Stored records
Segment Open
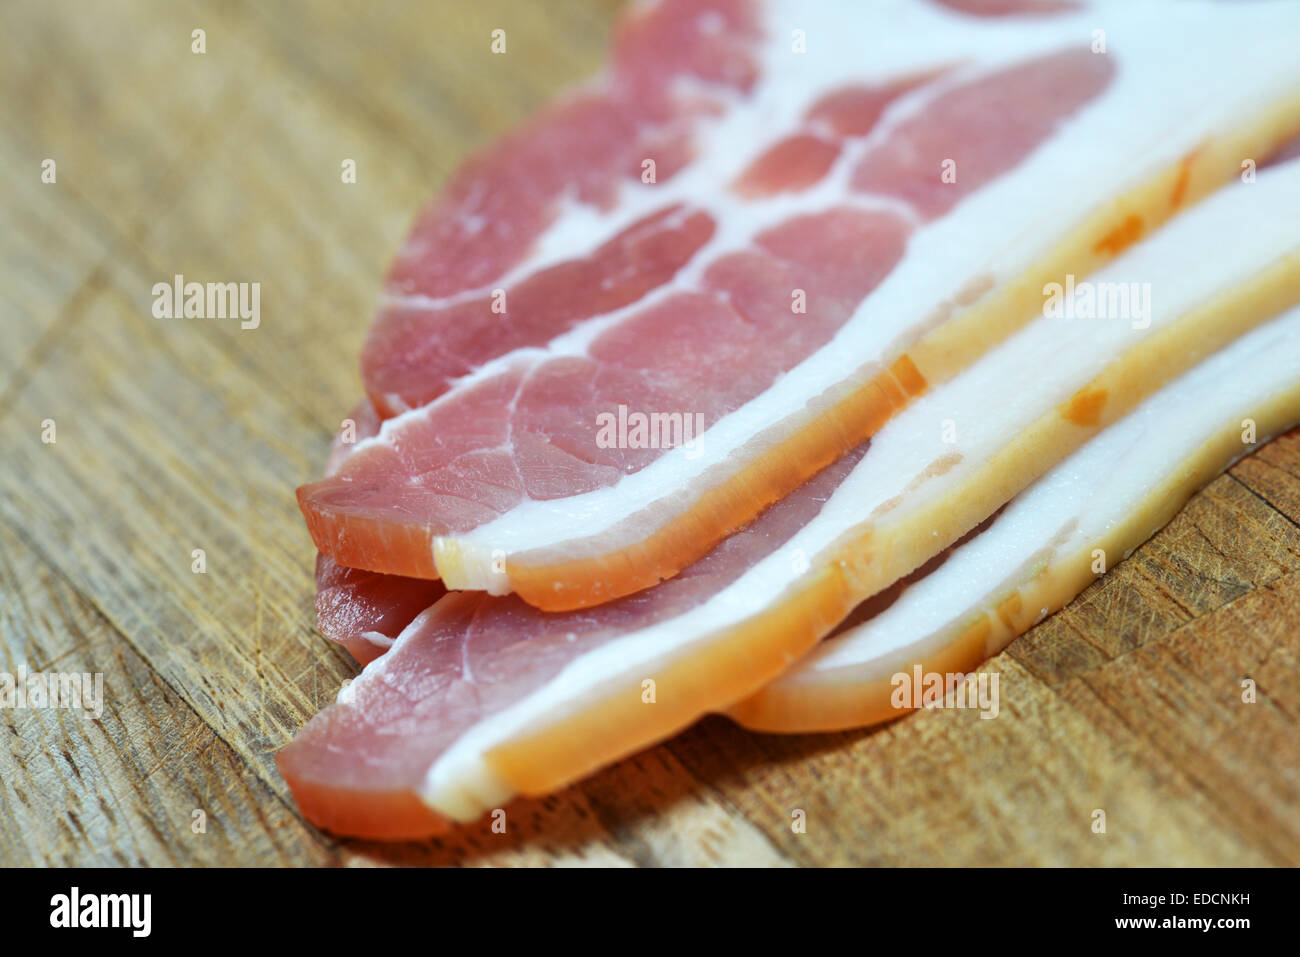 Uncooked Bacon on a chopping board Stock Photo
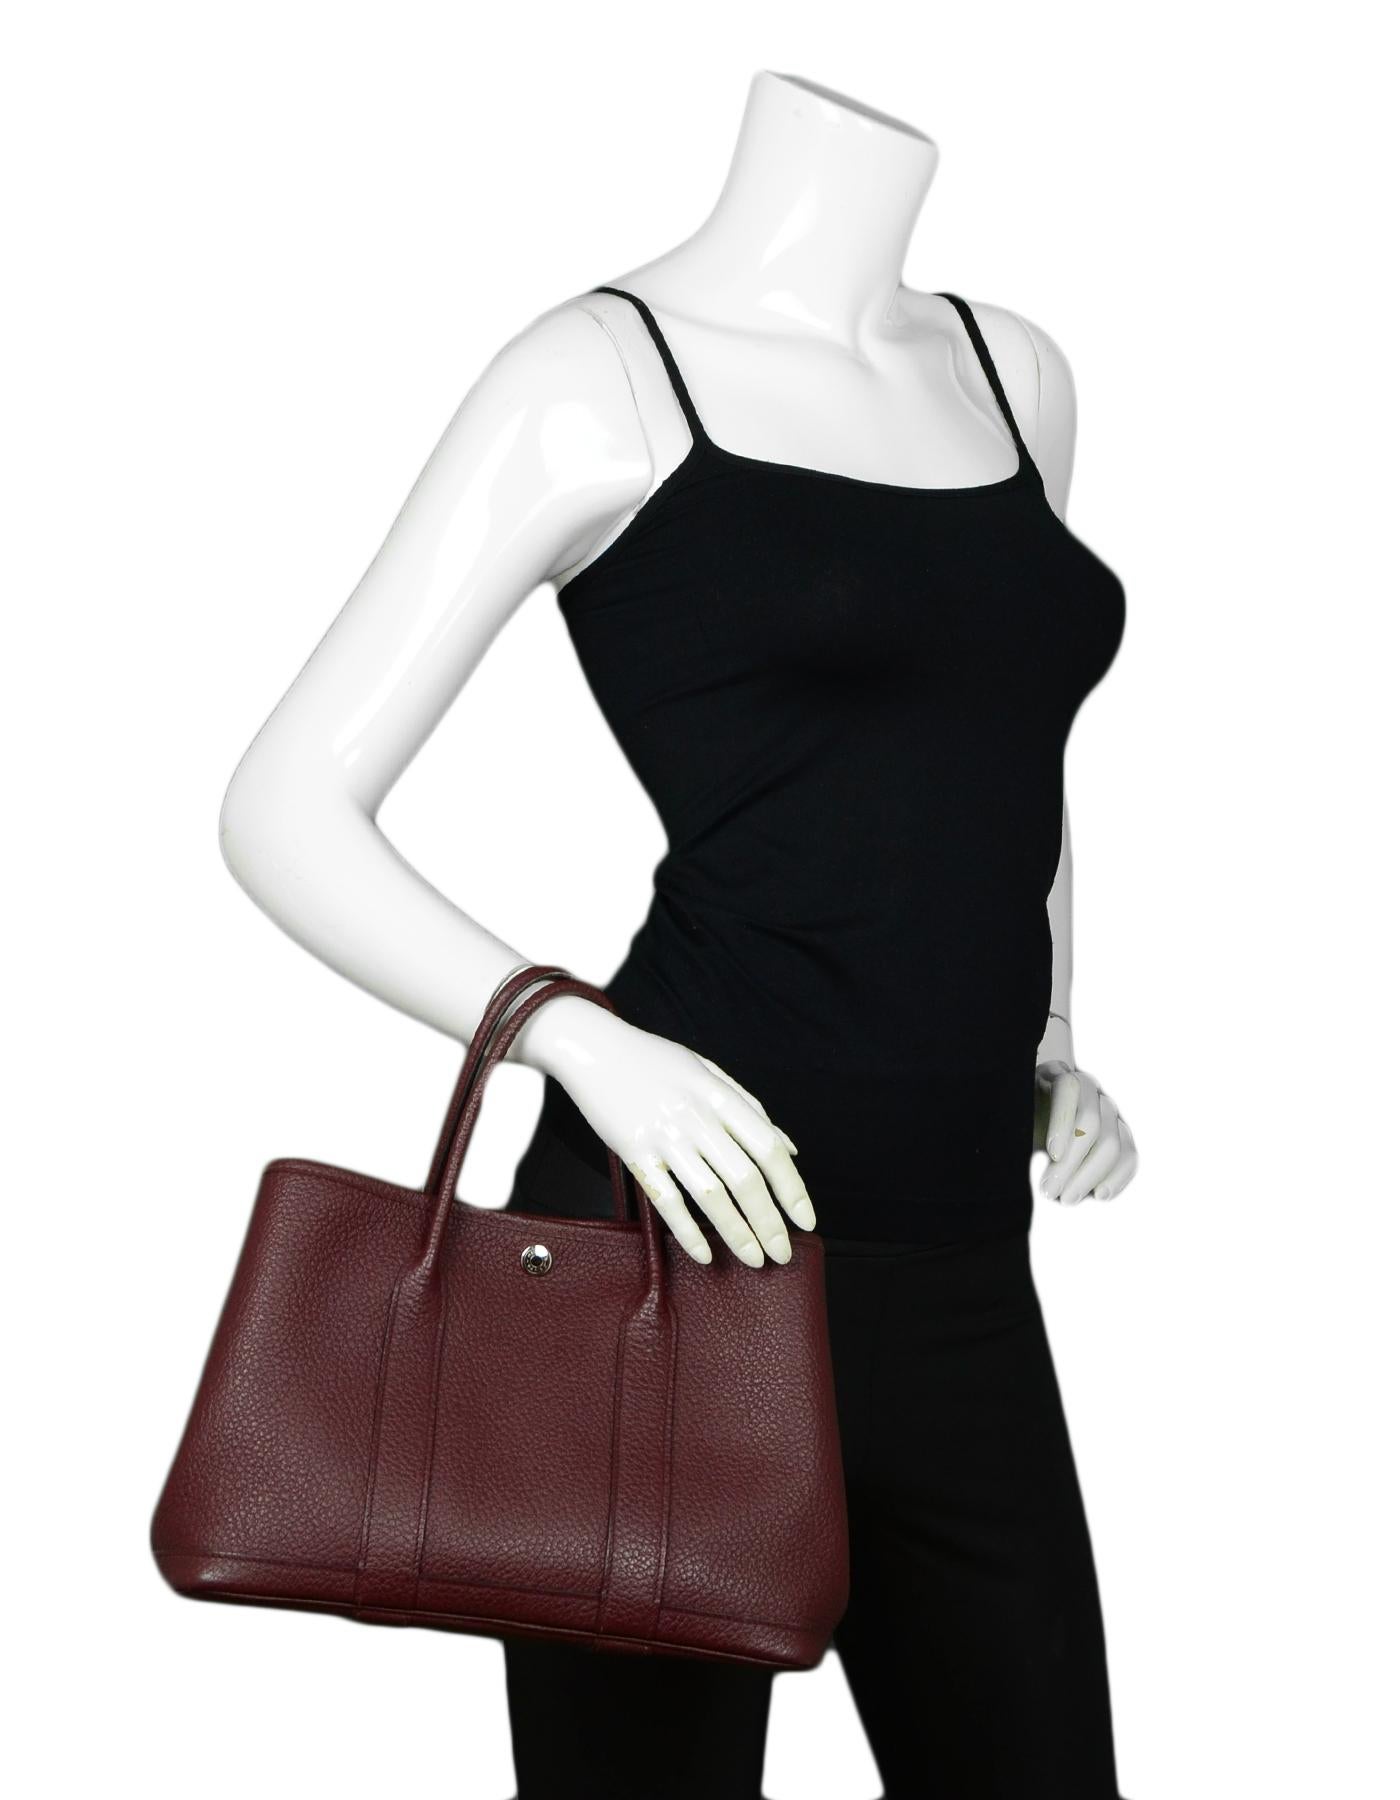 Hermes Burgundy Negonda Leather Garden Party 30 Bag

Made In: France
Color: Burgundy
Hardware: Silvertone
Materials: Leather
Lining: Fine textile lining
Closure/Opening: Open top with middle snap closure
Exterior Pockets: None
Interior Pockets: One
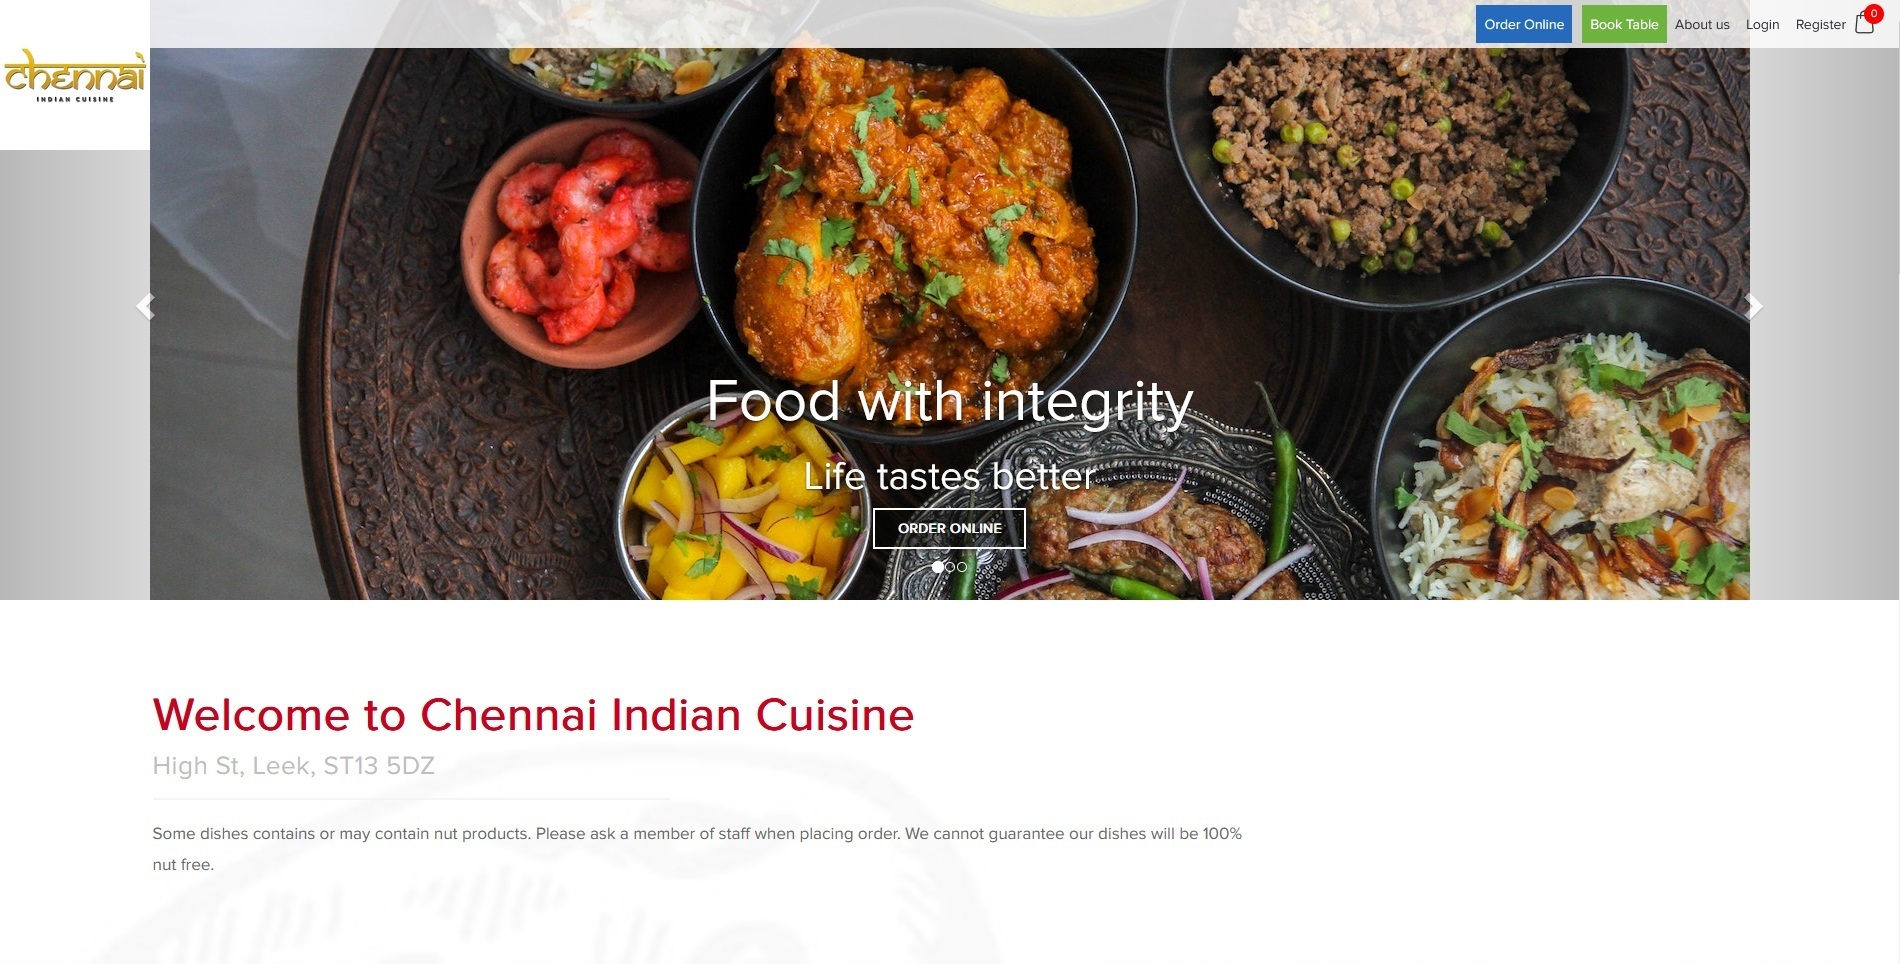 image of the Chennai Indian Cuisine website
Segment Closed
Wherever a line in the data above holds the word "Pockets", copy that line.

Exterior Pockets: None
Interior Pockets: One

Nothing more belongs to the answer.